→ Assignment
Your output should be the lines below from the one holding "A Star Ferry" through the one holding "You have to", transcribed exactly, with no pictures.

→ Given data

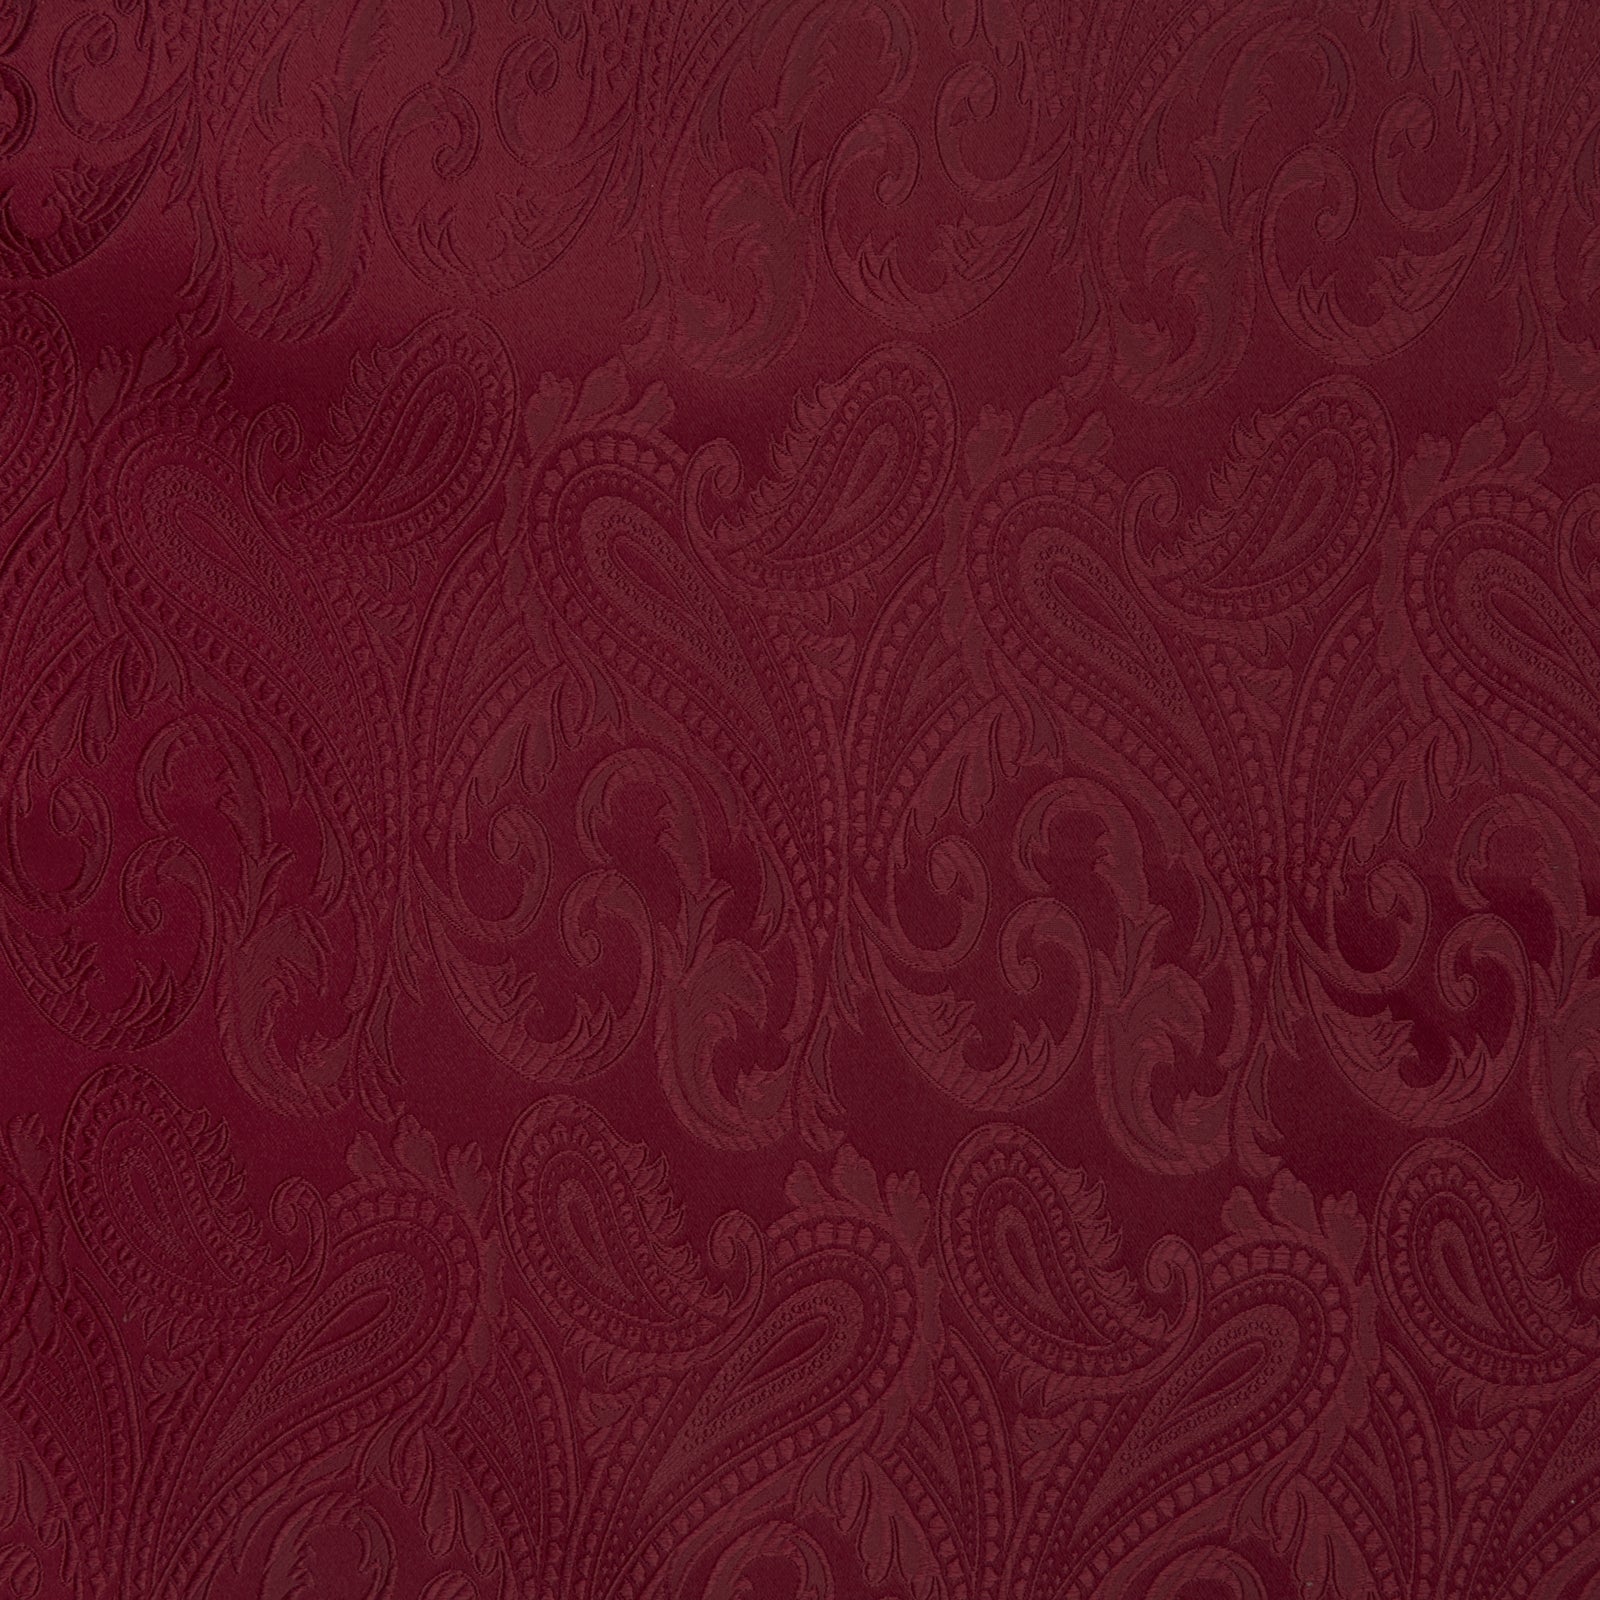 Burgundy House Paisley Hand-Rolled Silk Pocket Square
...
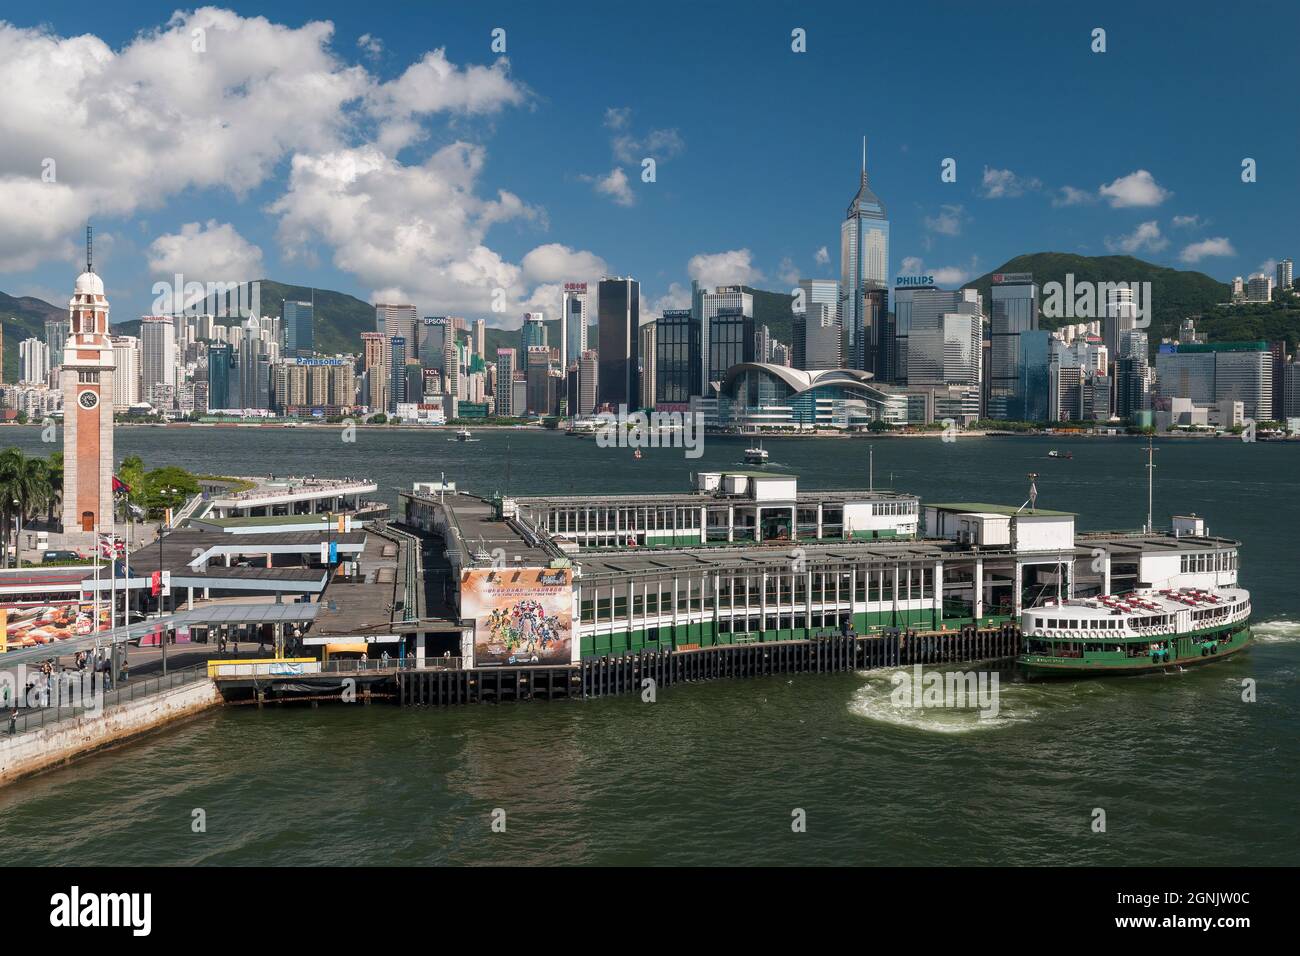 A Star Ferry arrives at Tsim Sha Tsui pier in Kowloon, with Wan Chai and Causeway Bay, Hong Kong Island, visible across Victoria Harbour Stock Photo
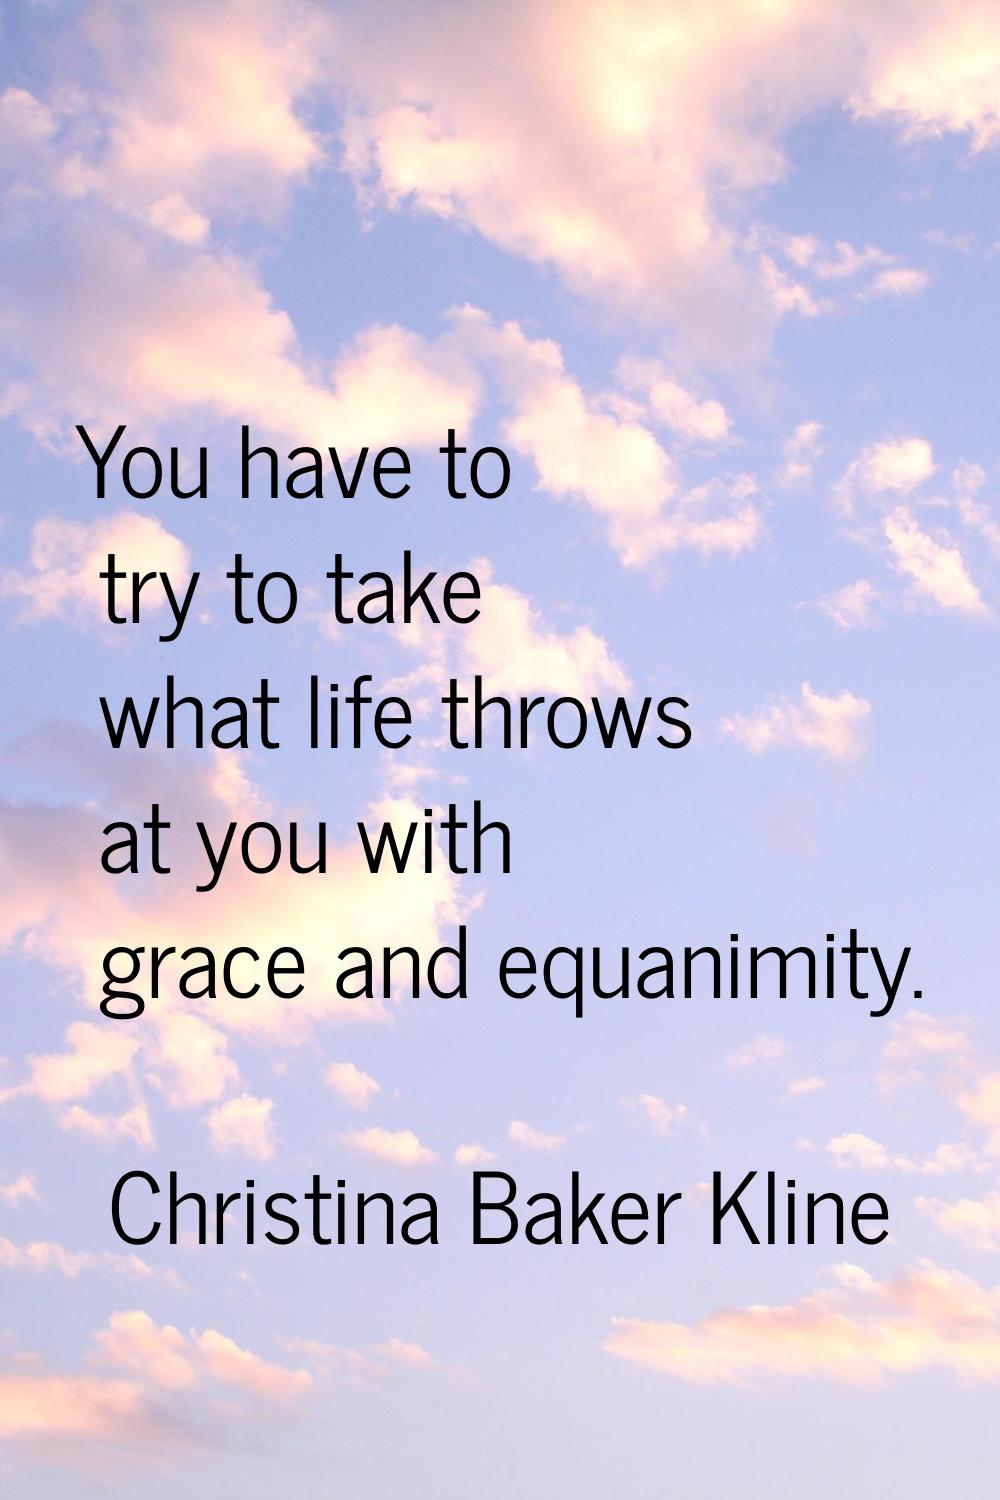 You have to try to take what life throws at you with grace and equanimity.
==
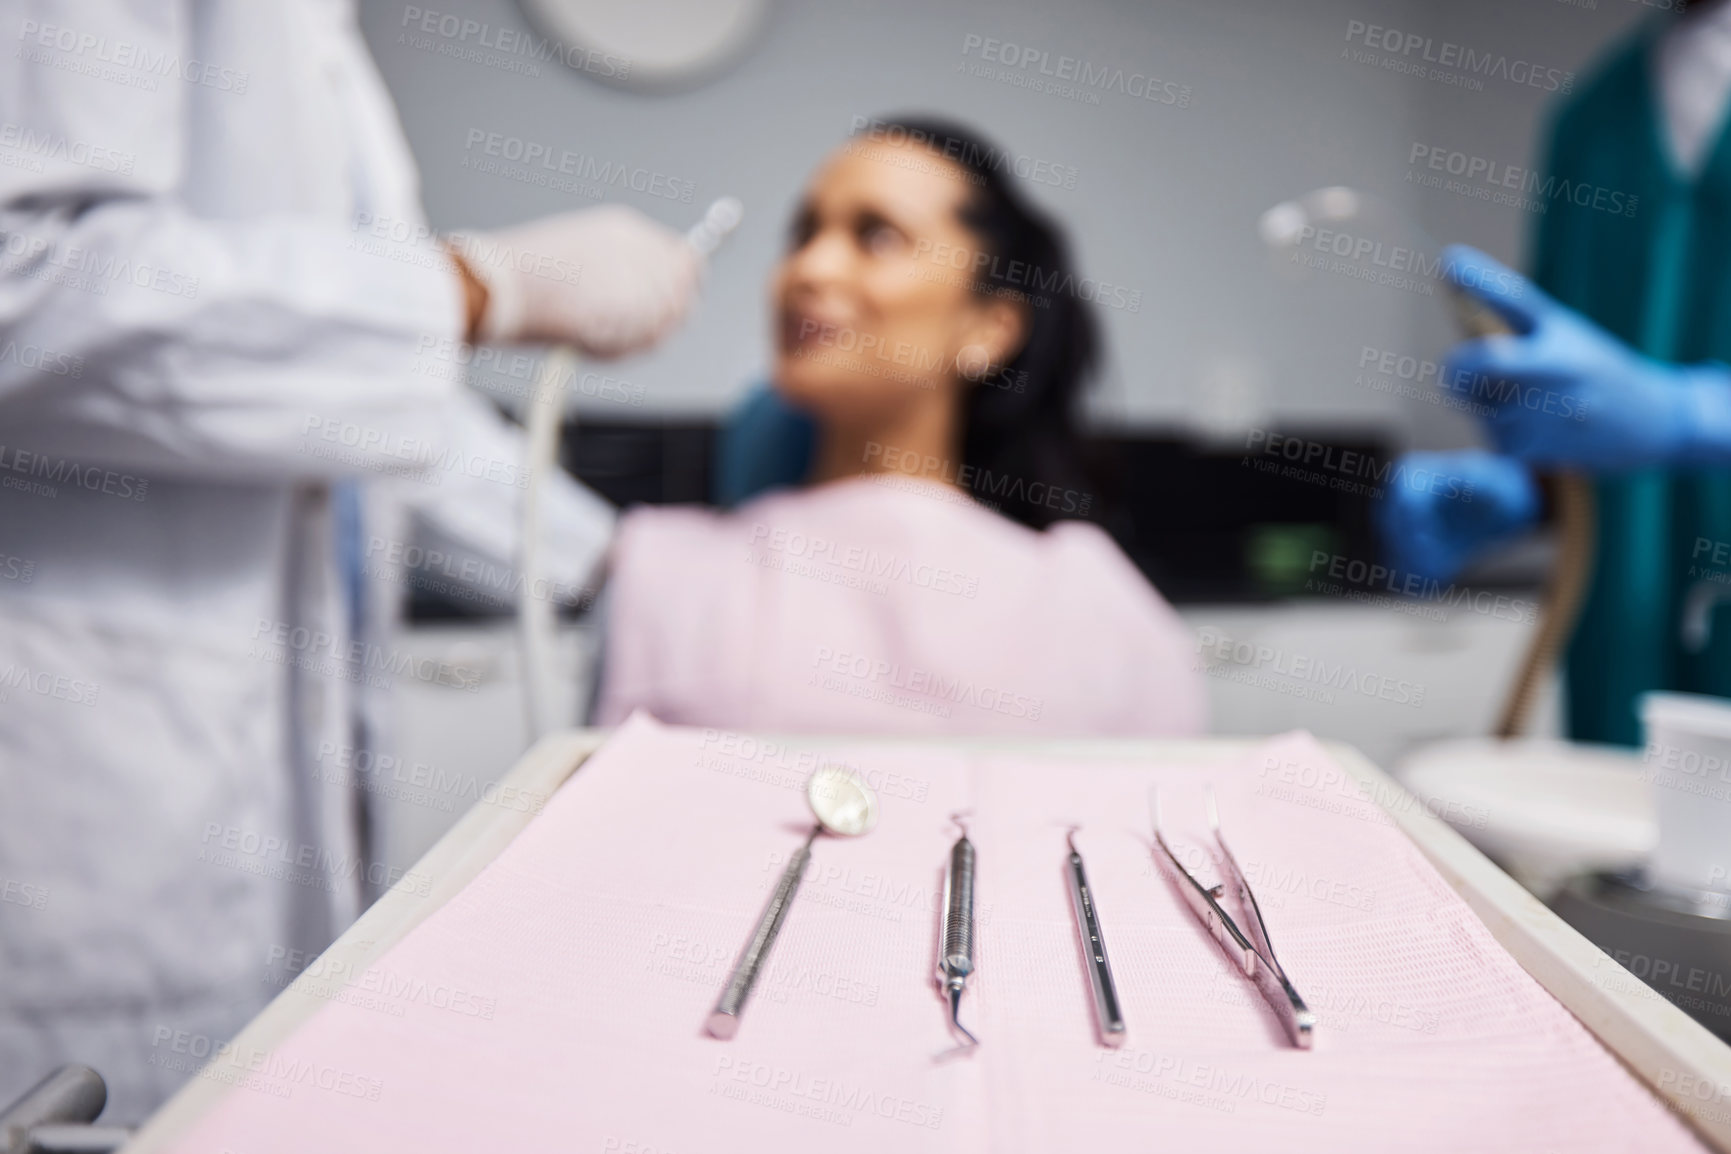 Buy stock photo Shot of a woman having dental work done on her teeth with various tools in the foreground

→ Response to this exercise
 A Star Ferry arrives at Tsim Sha Tsui pier in Kowloon, with Wan Chai and Causeway Bay, Hong Kong Island, visible across Victoria Harbour Stock Photo
 You have to try to take what life throws at you with grace and equanimity.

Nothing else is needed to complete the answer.